*Supplied data*
###

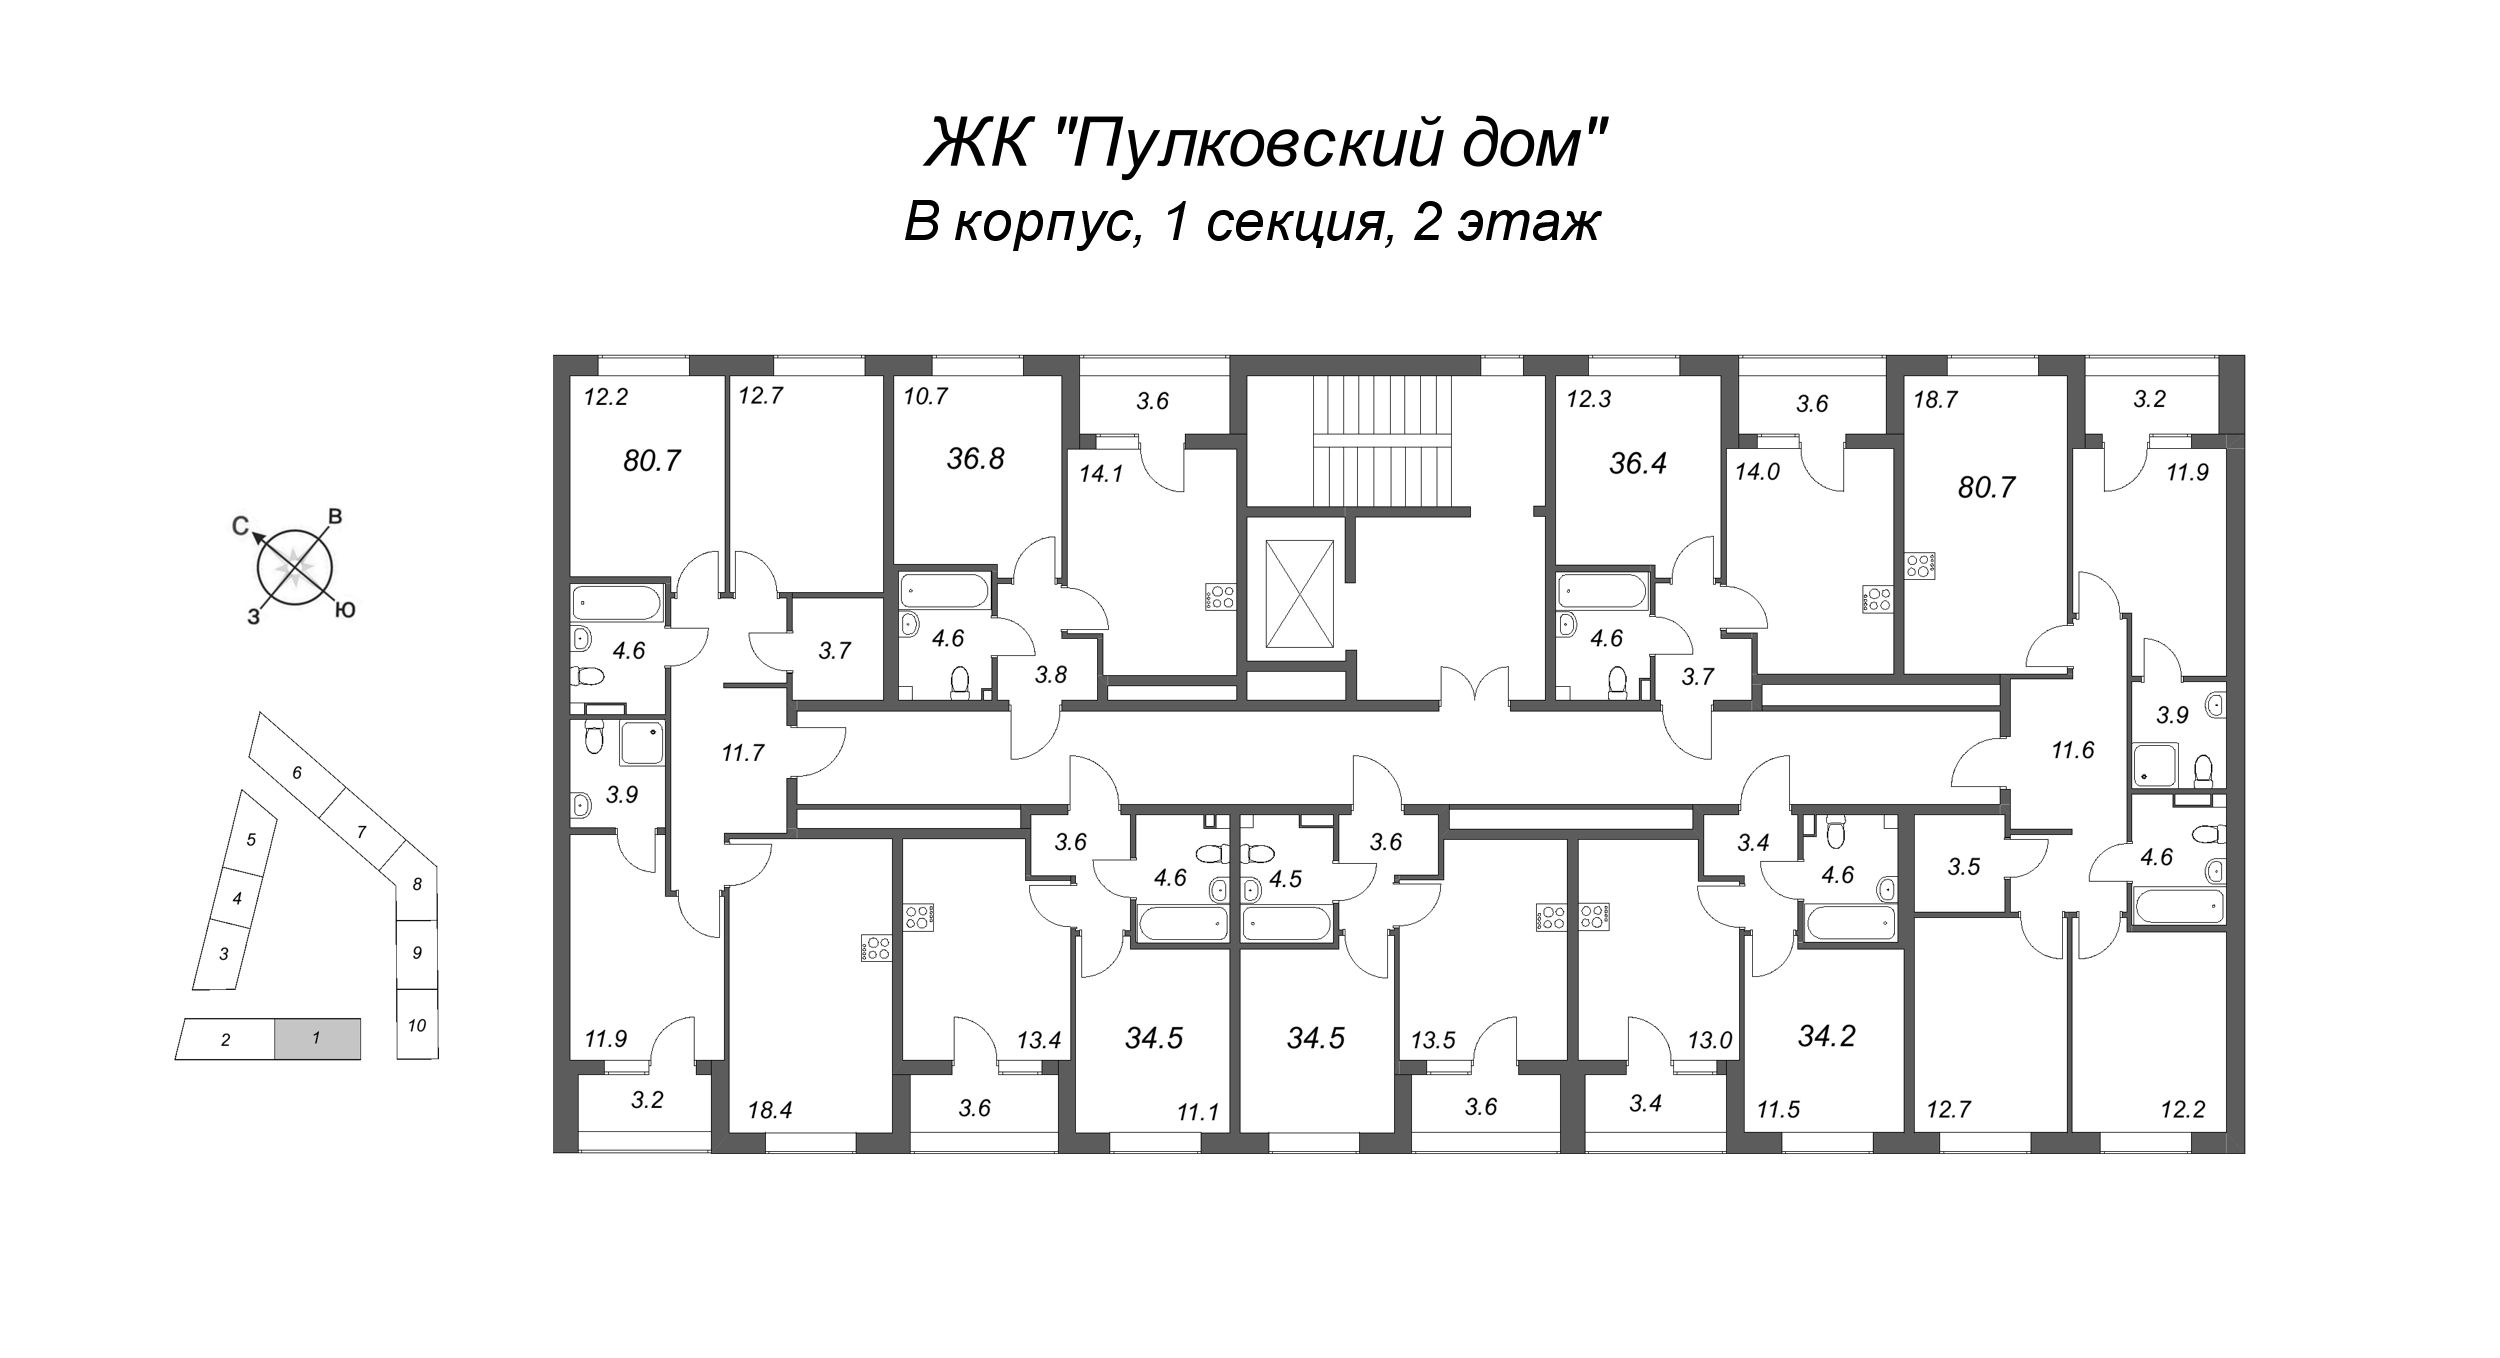 4-комнатная (Евро) квартира, 80.7 м² - планировка этажа
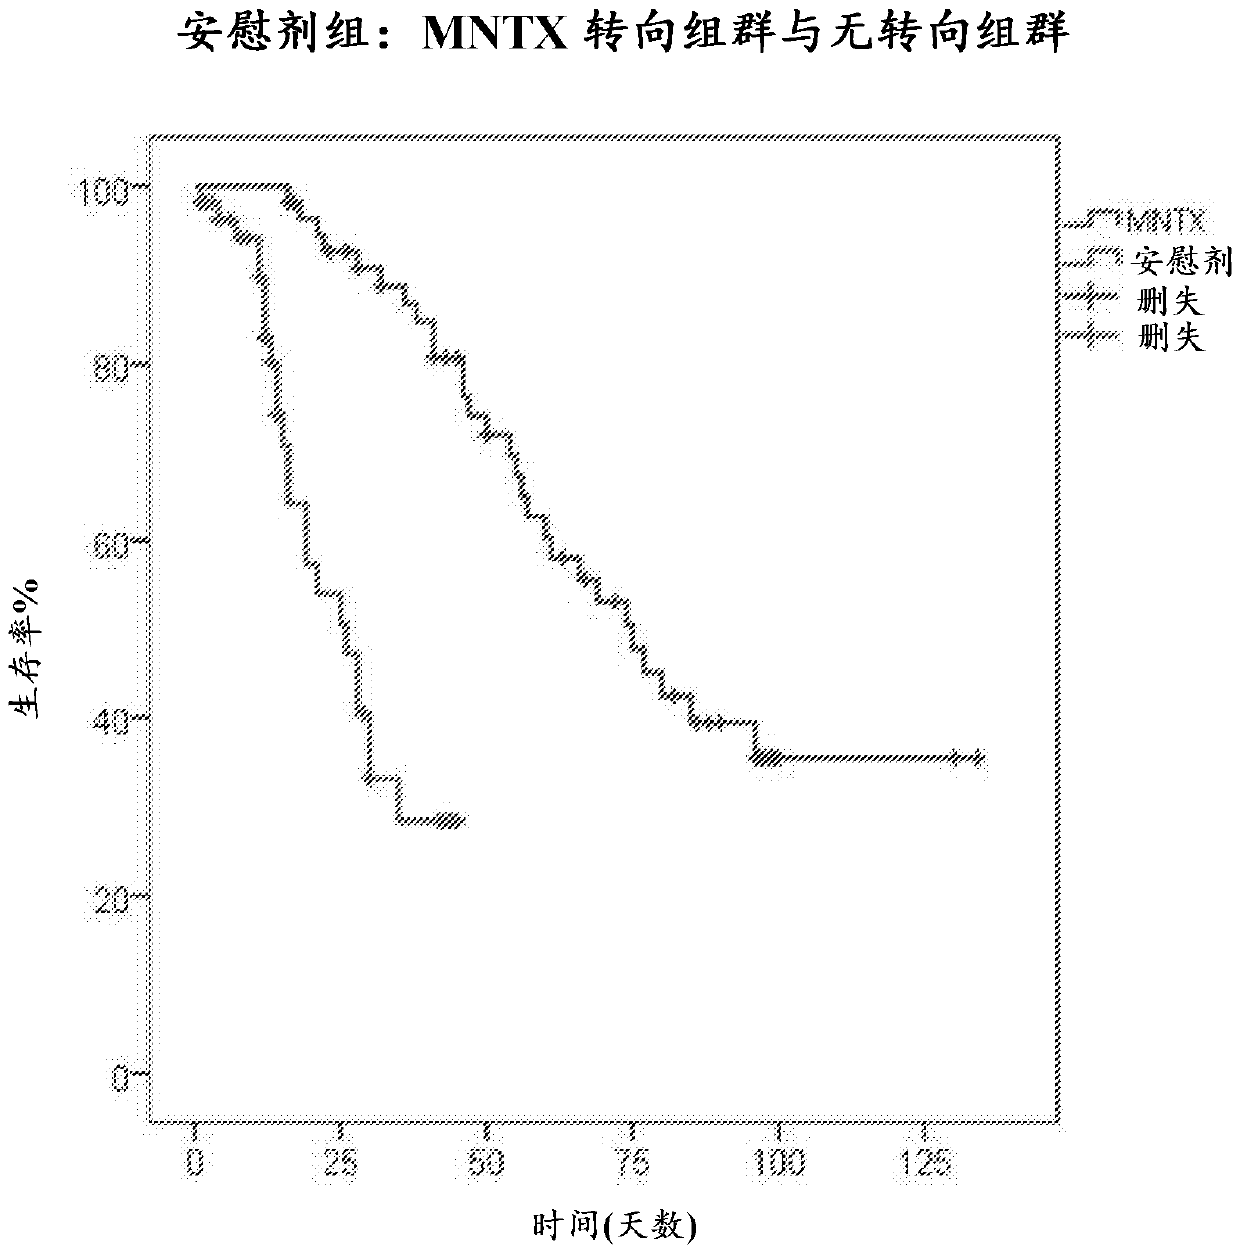 Use of methylnaltrexone to attenuate tumor progression
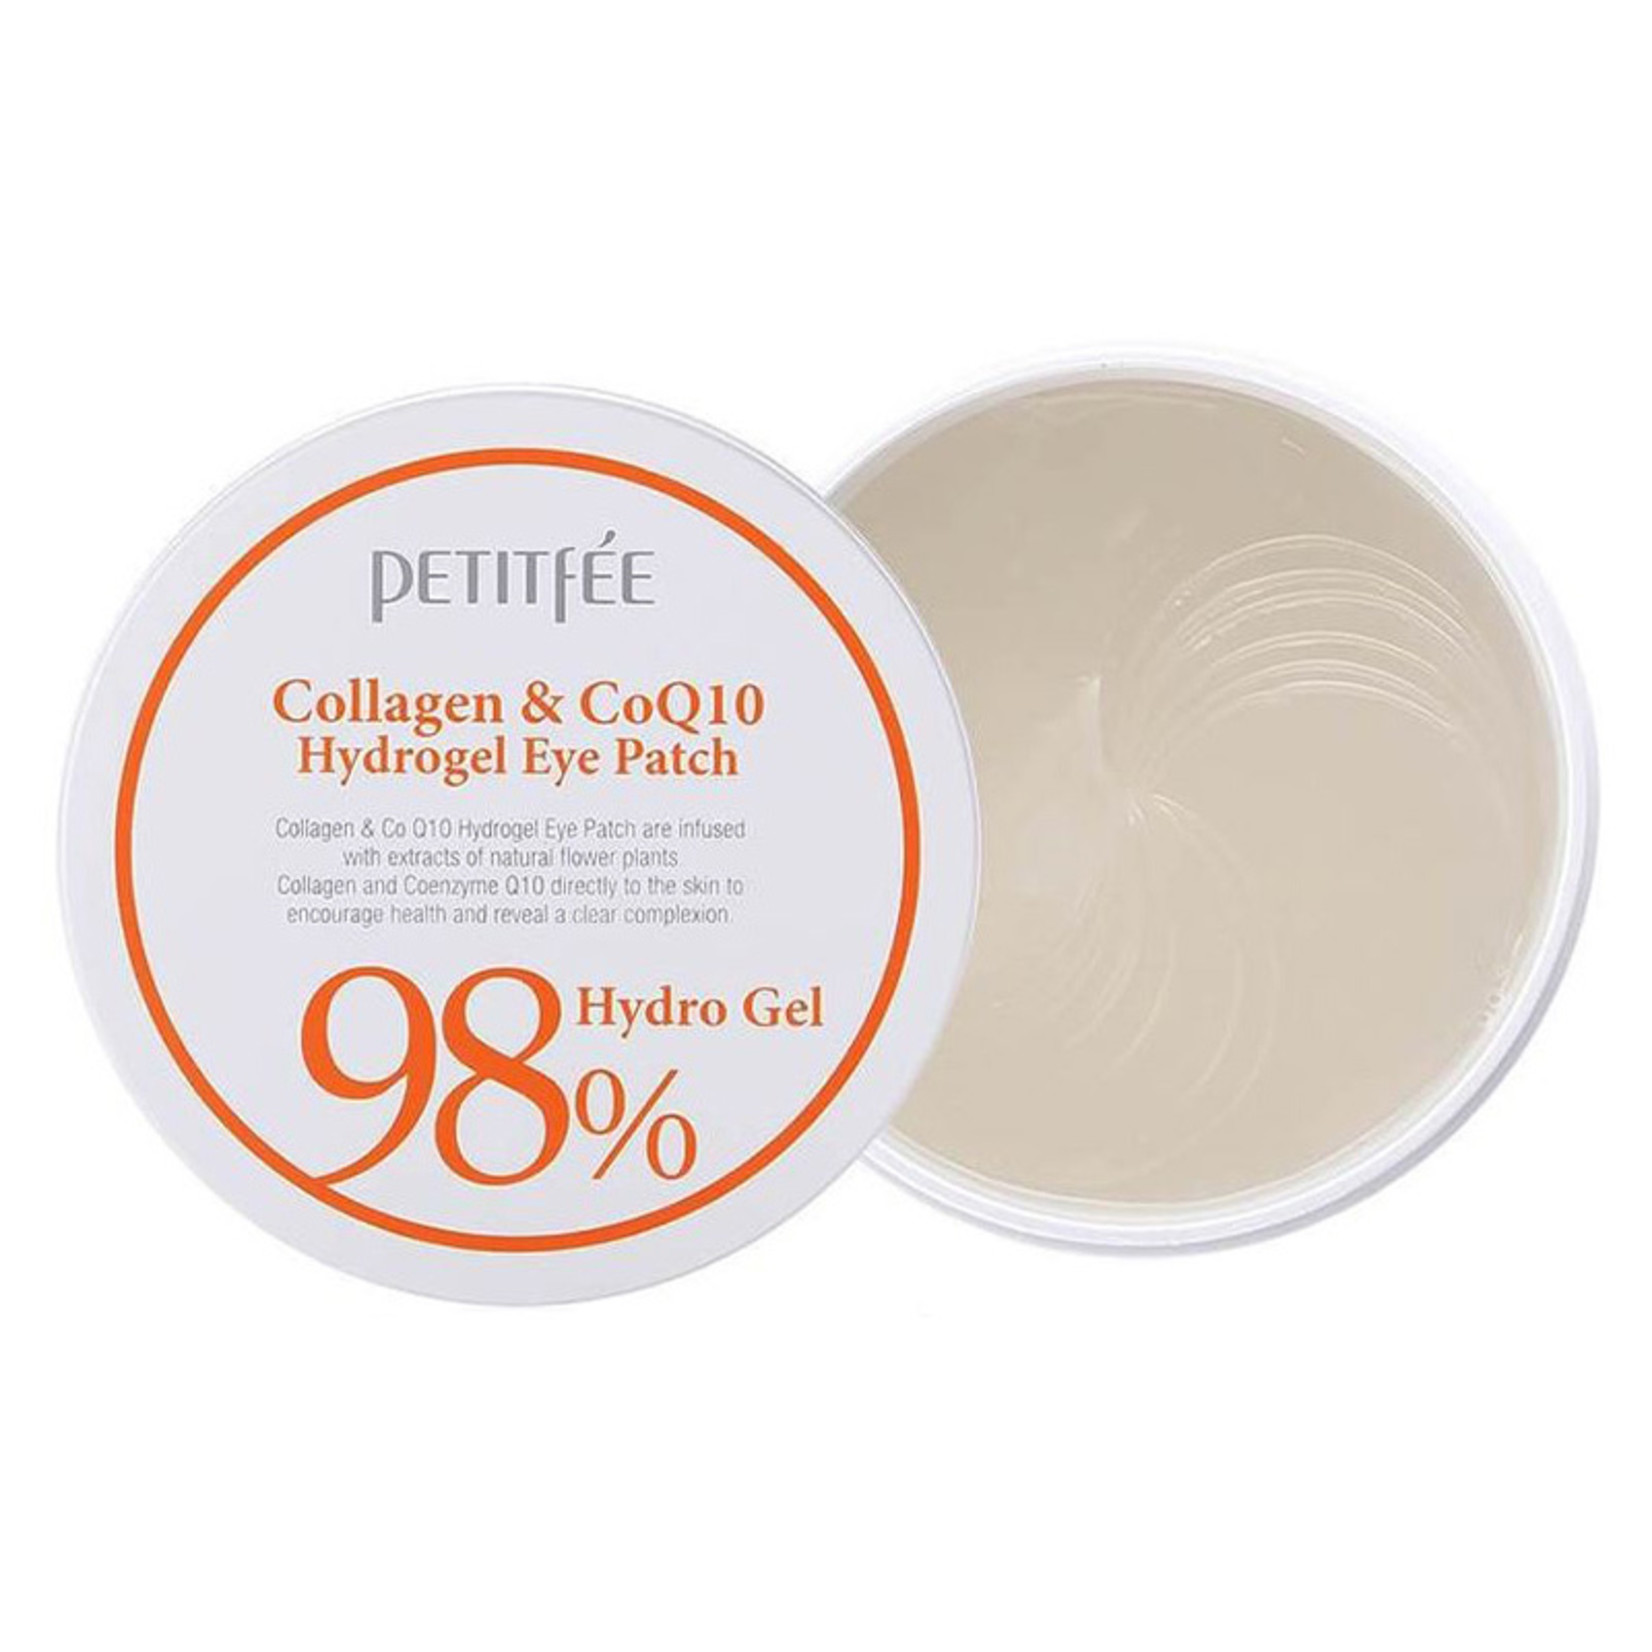 PETITFEE Collagen & CoQ10 Hydrogel Eye Patch

###

Reproduce all of the data exactly; the pictures do not belong in the copy.

*Your response*
 4-комнатная (Евро) квартира, 80.7 м² - планировка этажа
 Use of methylnaltrexone to attenuate tumor progression
 PETITFEE Collagen & CoQ10 Hydrogel Eye Patch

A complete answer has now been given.